Written By Al Berto on terça-feira, junho 06, 2006 | terça-feira, junho 06, 2006


Olho para o relógio, marca meia noite e dezoito, subitamente sinto um suave mas estranho cheiro no escritório onde escrevo estas letras.

Vou á janela que se encontra entreaberta para entrar o ar mais fresco da noite aveirense e o suave perfume das flores do jardim.
Não querendo acreditar nas minhas suspeitas...sou sacudido pelo cheiro tenebroso a abafado do ardido.

Fecho de imediato a janela. Na minha mente, e juntamente com esse cheiro, é também inspirado o cheiro da miséria humana, da covardia sem limite, da mão "leve" de uma justiça "pesada" que nada resolve.
O cheiro fica assim mais intenso e desgraçadamente nojento.

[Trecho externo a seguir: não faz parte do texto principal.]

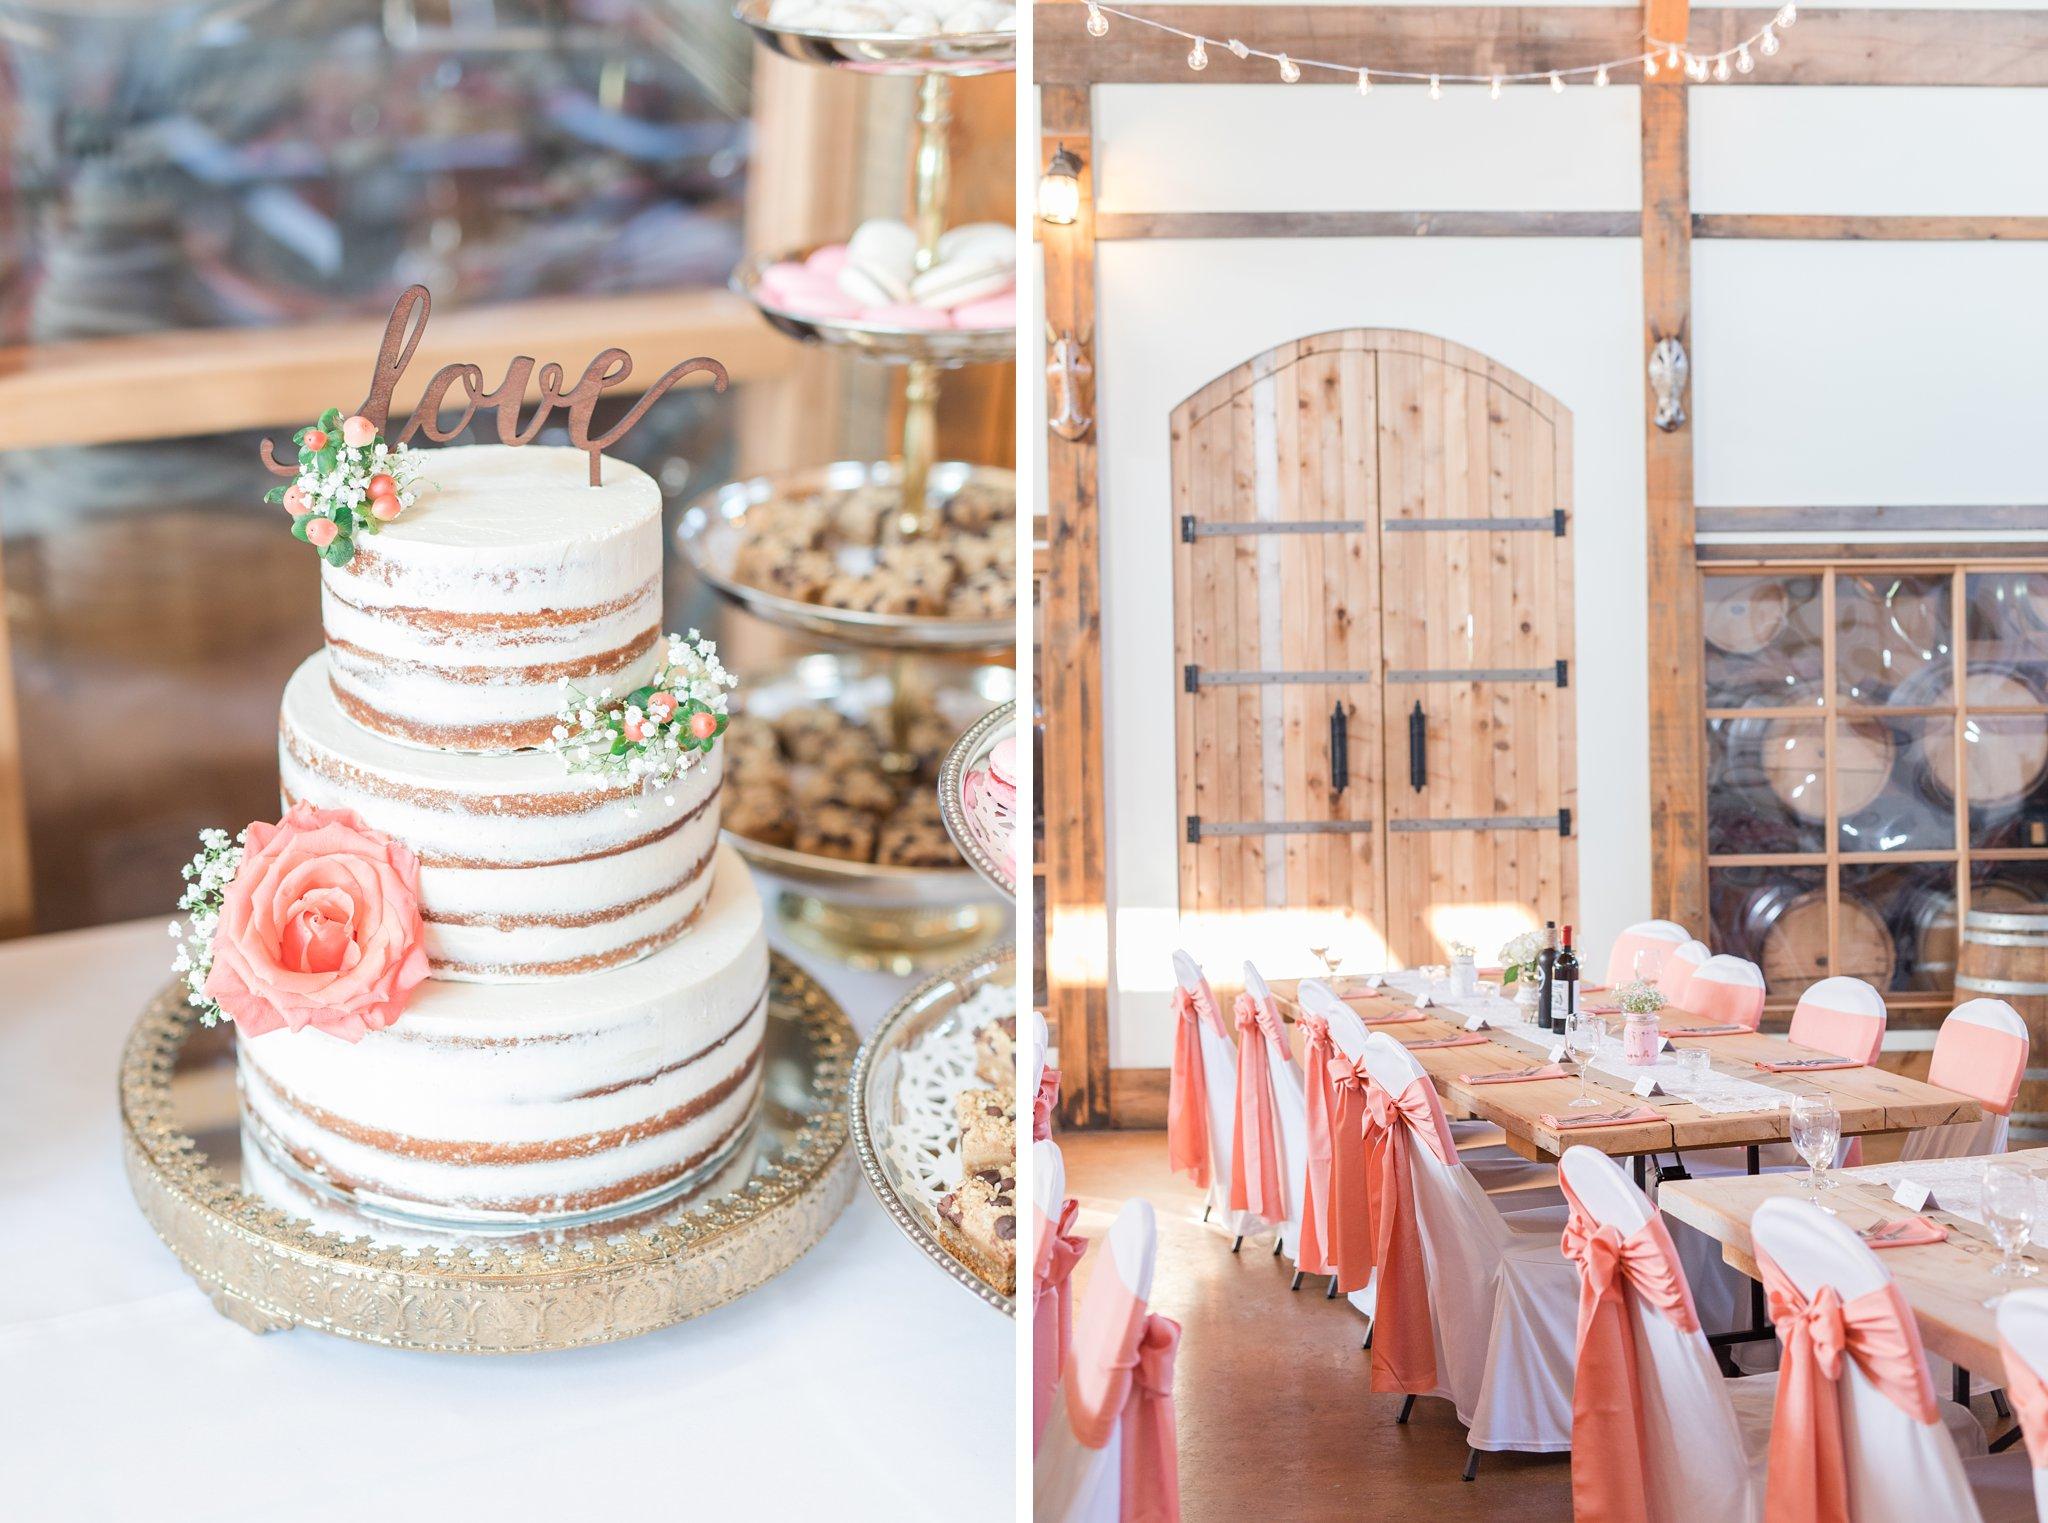 3 tiered naked wedding cake Vineyard wedding at Jabulani Amy Pinder Photography

Ainda há pouco a nada cheirava, foi o sol?...mas é meia noite? Como é possível?
Quem cometeu mais este crime?

Será em Águeda, Albergaria, Sever do Vouga...não sei ao certo, será seguramente para esses lados onde há maior concentração florestal..."eles sabem o que fazem e onde fazer"...vou eu pensando.

Vou acabar o meu artigo para me ir deitar...mas quis escrevê-lo a "quente" não poderia ir deitar-me sem pôr cá para fora uma raiva contida e virada para seres humanos sem consciência, autênticos traidores á pátria e ao meio-ambiente.

Quero saudar os bombeiros que, genuinamente, pela noite fora, andem a combater nesta e noutras "guerras"...pois que é disso que se trata.

Pela manhã, bem pela manhã espero que esse fogo já esteja extinto e que não sinta esse pestilento cheiro novamente.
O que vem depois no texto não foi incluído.